European Super League a 4.3 billion euros reputational risk own goal

The prospect of a European Super League (ESL) – now almost certainly a failed project after the withdrawal of six English clubs – would have been a multi-billion Euro own goal, according to analysis by brand valuation consultancy Brand Finance.

Brand Finance said it has been tracking the financial value of football brands for 15 years and that the proposition is potentially the biggest shakeup to the game seen in that time, calculating that the ESL Founding Clubs were likely to have lost a combined brand value of €2.5bn, but that number could potentially have been as high as €4.3bn.

This week the world of football was shocked when twelve of Europe’s leading football clubs announced they have agreed to establish a new midweek competition, the ESL. The proposal involved the clubs forming their own competition to rival the UEFA Champions League.

Six teams from the Premier League were initially involved: Arsenal; Chelsea; Manchester City; Manchester United; Liverpool; and Tottenham. The other teams are AC Milan; Atletico Madrid; Barcelona;  Inter Milan; Juventus; and Real Madrid.

However, after intense lobbying from fans and a threatened intervention from the UK government, late in the day on 20 April all six English clubs said they were no longer participating in the project.

It had been anticipated a further three clubs will join ahead of the inaugural season, which, according to the clubs, “is intended to commence as soon as practicable”.

Now that prospect looks very uncertain.

In a statement the ESL said: “Given the current circumstances, we shall reconsider the most appropriate steps to reshape the project, always having in mind our goals of offering fans the best experience possible while enhancing solidarity payments for the entire football community.”

The two listed clubs in the original proposal, Manchester United and Juventus, have already seen an adverse financial impact.

Manchester United’s stock fell 6% in the immediate aftermath of the news that the six English clubs were all backing out of the controversial project. The share price of Juventus closed down by 4% following the news.

The move – widely regarded as motivated by greed and certainly not in the best interests of fans – could have ended up costing the clubs dear, according to Richard Haigh, managing director of Brand Finance.

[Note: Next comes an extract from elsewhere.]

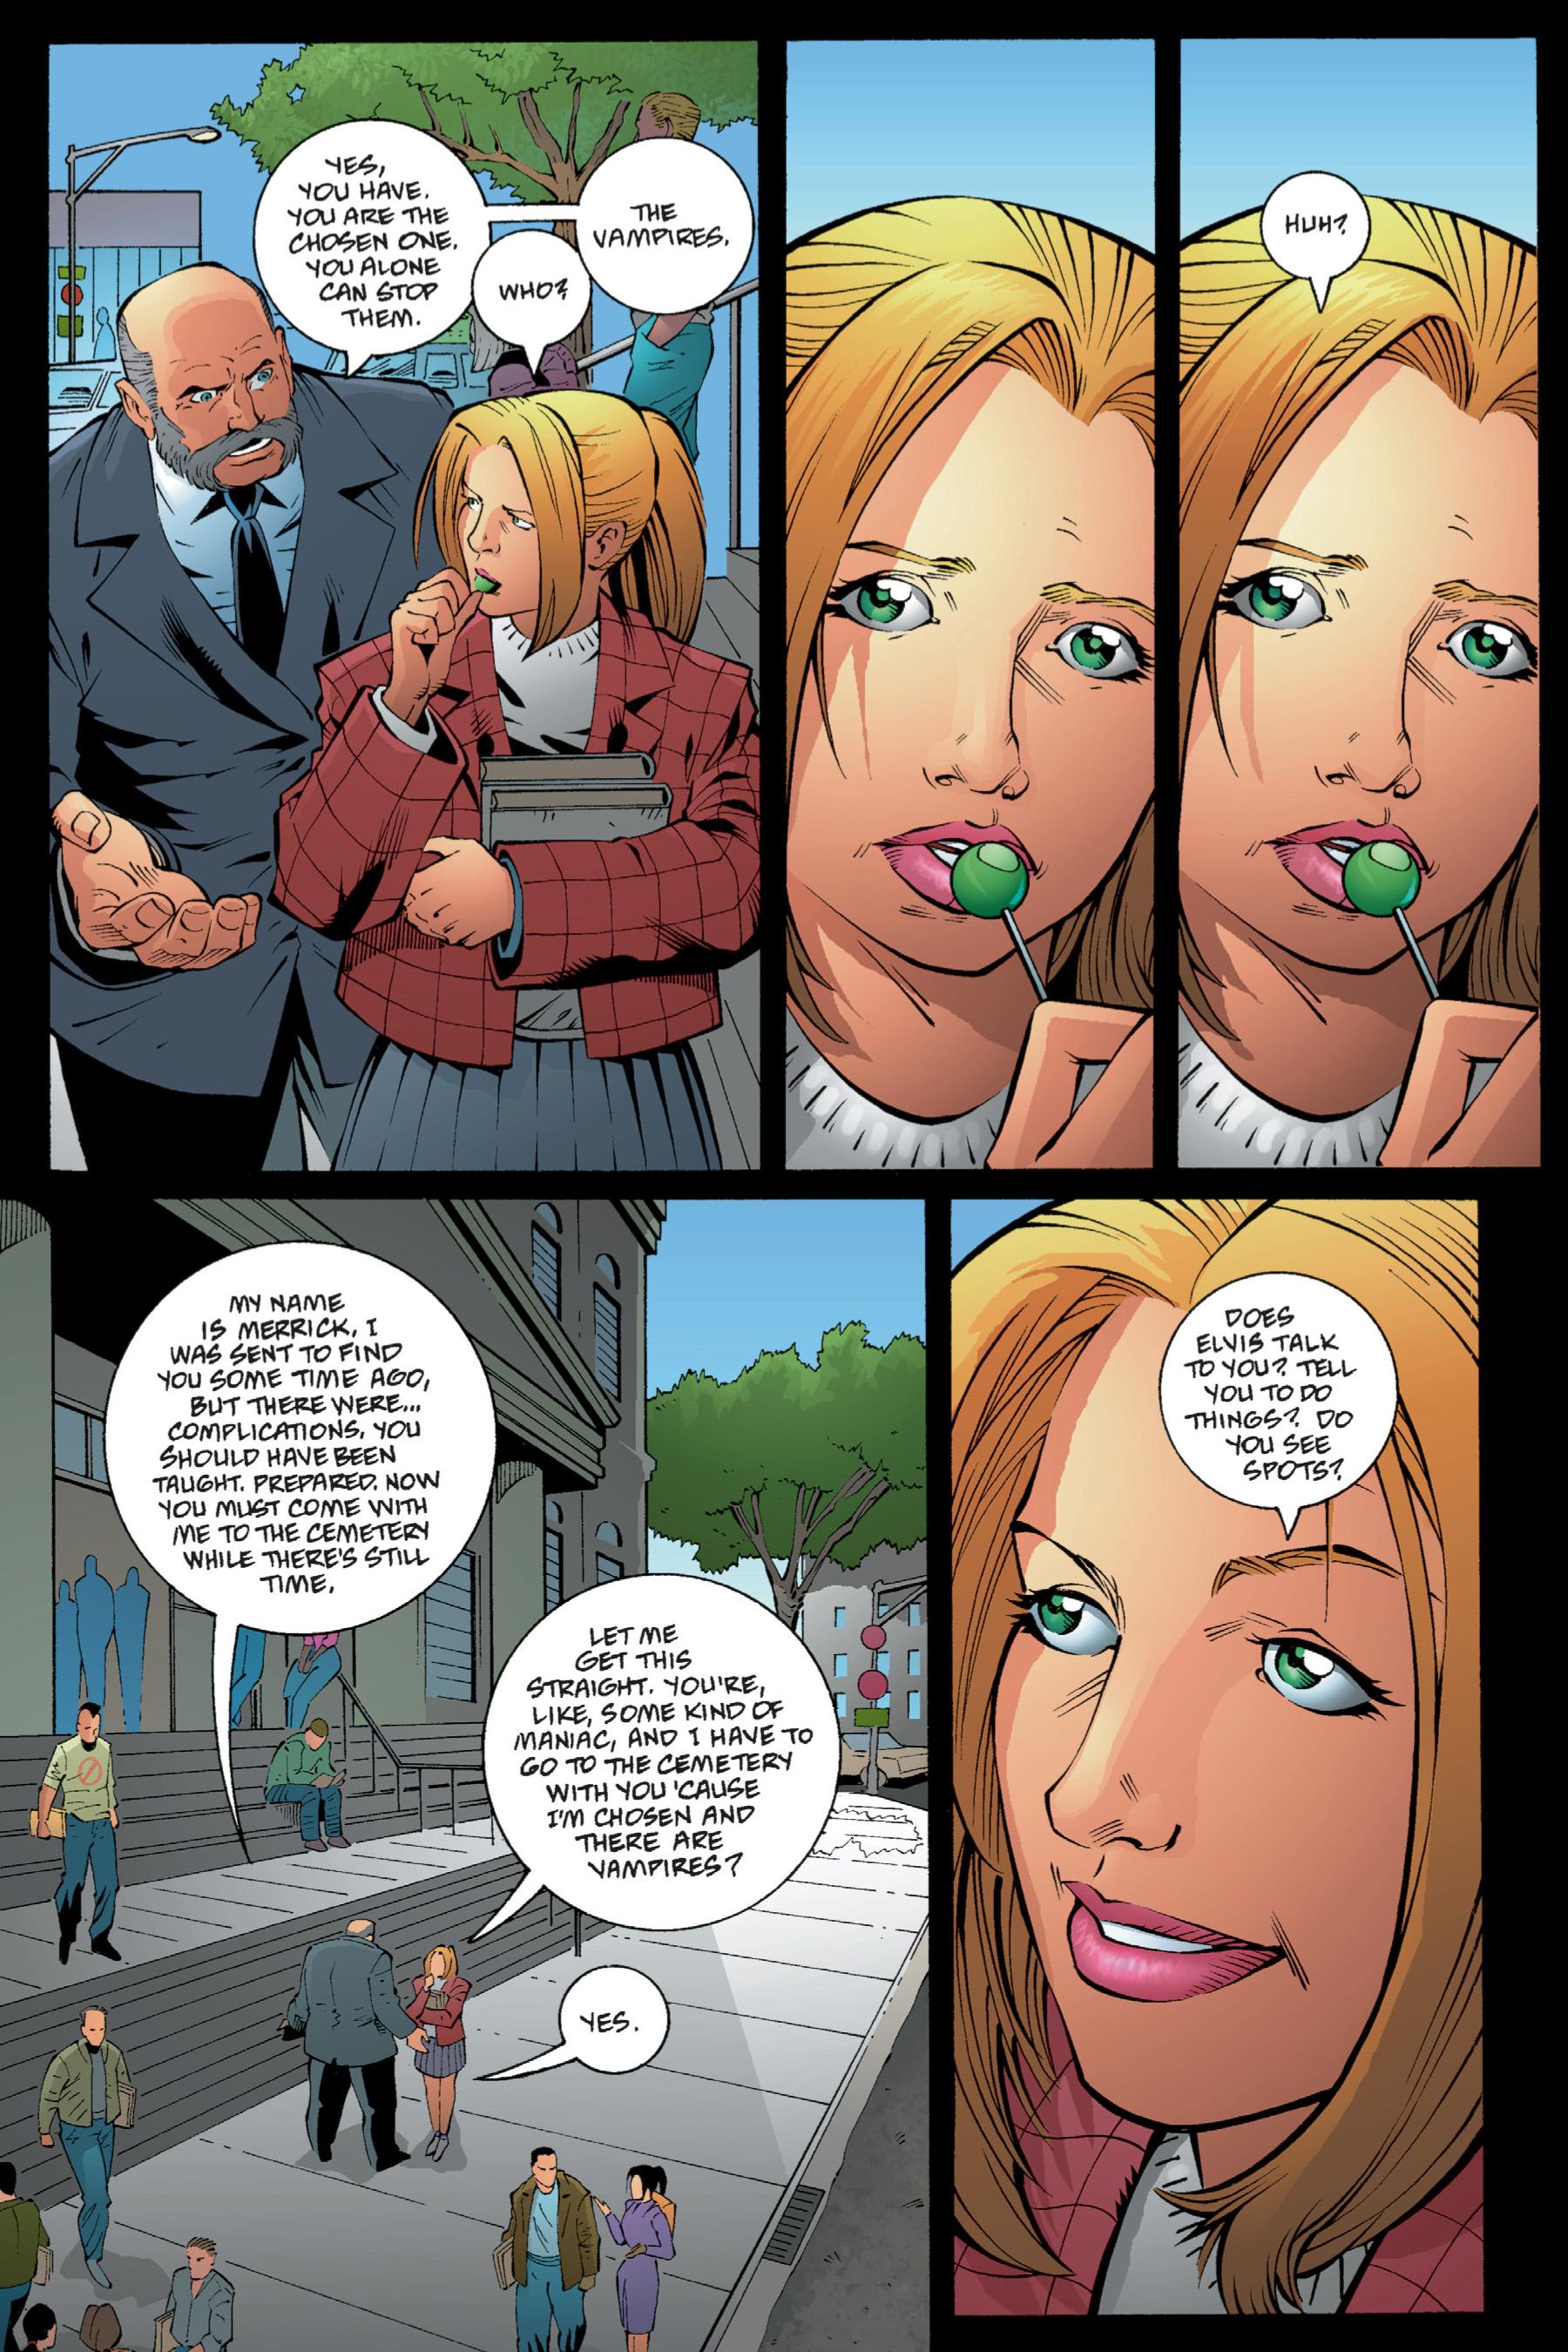 Read online Buffy the Vampire Slayer: Omnibus comic -  Issue # TPB 1 - 52

“For the ESL ‘Founding Clubs’ the prize seems obvious – more money – but this ignores the huge risk that fans won’t follow and neither will the money,” he said.

“There is outrage in the home markets from both fans and leagues alike, but it is not clear yet what the repercussions will be. Will fans vote with their feet and leave the clubs many have supported their entire lives? Will the leagues impose fines, or point deductions leading to relegation and further financial loss?”

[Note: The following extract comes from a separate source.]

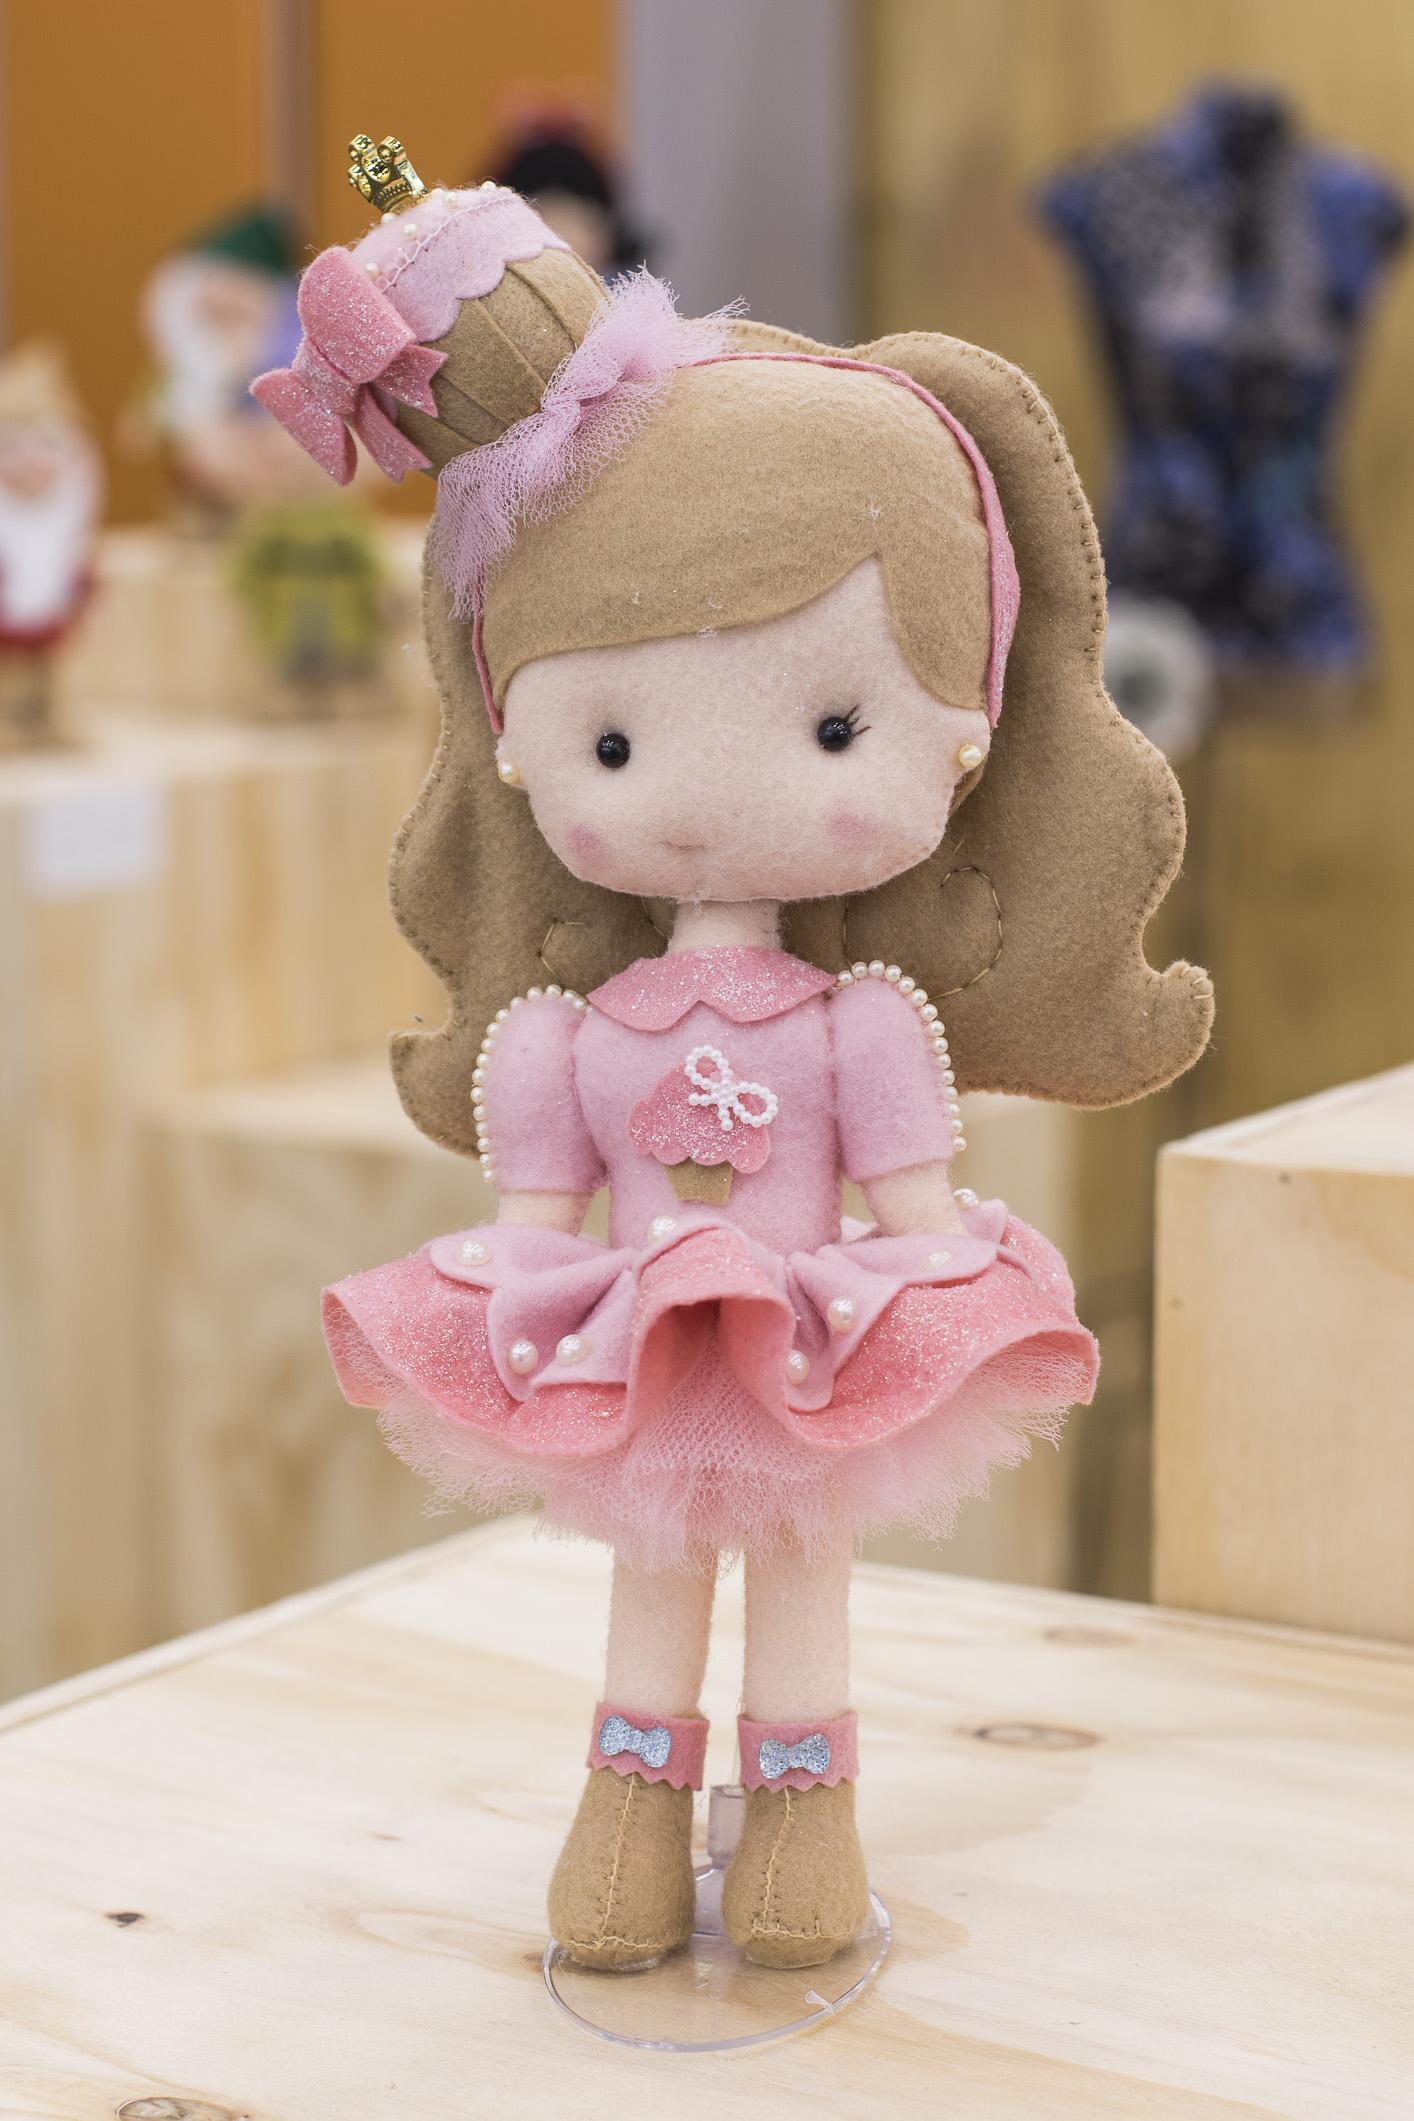 Boneca Glamour, de Juliana Cwikla

In the most likely scenario, Brand Finance estimates that the annual loss for the founding clubs would have been €1.1bn in revenue a year and the brands would all have suffered significant reputational damage, leading to a drop in brand value of €2.5bn.

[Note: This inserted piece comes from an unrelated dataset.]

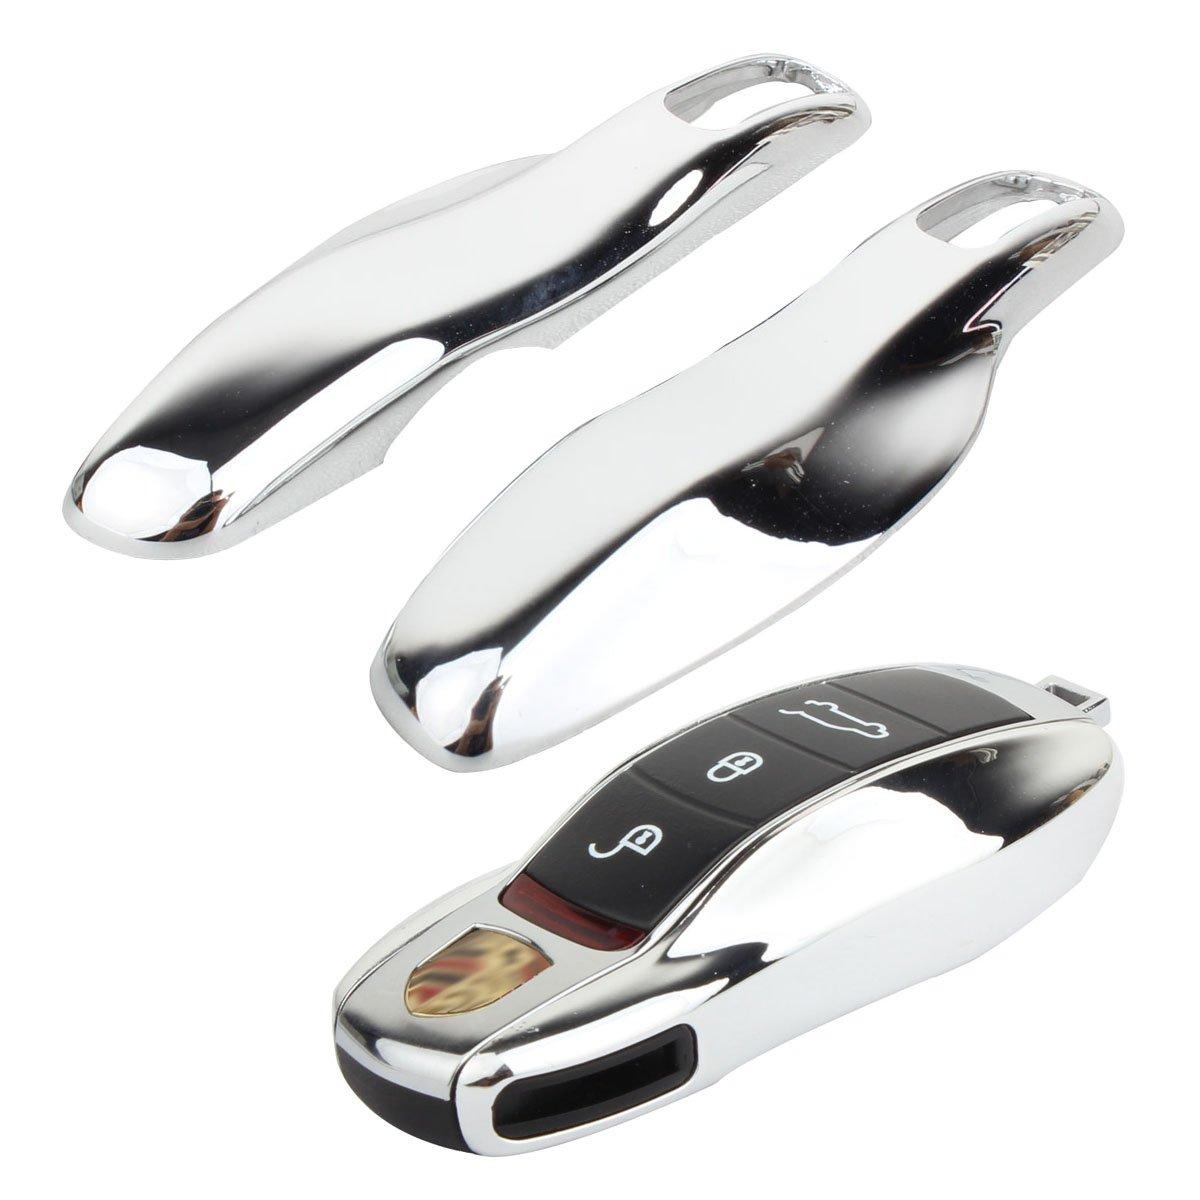 TOMALL Reemplazo Clave Cubierta Plata Chapado Cromo para Porsche Cayenne Panamera Macan 911 Carrera Clave Caja de Shell

This loss was attributable to a combination of lower broadcasting, commercial, and matchday revenue. It assumed that the UEFA would not have allowed the teams to compete in Champions League and the national leagues also remove the teams from their rosters.

The analysis also indicates that not only would the move have inflicted financial damage on the founding clubs themselves, but also on the other clubs in their leagues, which could possibly lose up to 25% of their brand value.

Hugo Hensley, head of Sports Services at Brand Finance, commented:

“In our view the result will be damaging for the clubs involved. The sentiment of fans online is overwhelmingly negative, with negative posts outweighing positive ones three to one. Negative sentiment like this will inevitably lead to lower matchday spend and commercial revenue in the clubs’ home nations, which is still the lion’s share of any European club’s income.”

If not from the domestic markets, then the revenue will have to come from the US or China, but an uplift in either of these geographies seems unlikely, the consultancy suggested.

In both the US and China, the domestic leagues are by far the most popular as measured in Brand Finance’s Football Fan Survey. 31% of US fans prefer Major League Soccer and 21% of Chinese Fans prefer the Chinese Super League – and these numbers are already strengthening year by year. Both are countries that will more readily put their resources behind home grown team brands than foreign ones if the opportunity presents itself.

China is no longer an undeveloped market for European and North American football brands to grow, Brand Finance added, with Chinese brands are growing fast. Many of these brands, like Evergrande, are starting to become household names in Europe and the consultancy suggested that it is only a matter of time before we start hearing about Chinese Football clubs more regularly.

As such, it claims, the ESL launch, now on shaky sands, played into their hands.

“In 2011, President Xi Jinping announced his dream to see China win the World Cup, a dream many thought impossible, but as a result the game has received investment at all levels in the country,” said David Haigh, chairman of Brand Finance.

“If the ESL Founding Clubs think that the Chinese market is a vacuum available for them to fill, they are in for a nasty shock when they discover there’s only one true ‘super league’ in China.”

In the most likely scenario, Brand Finance estimates that the annual loss for the founding clubs will be €1.1bn in revenue a year and the brands will all suffer significant reputational damage, leading to a drop in brand value of €2.5bn.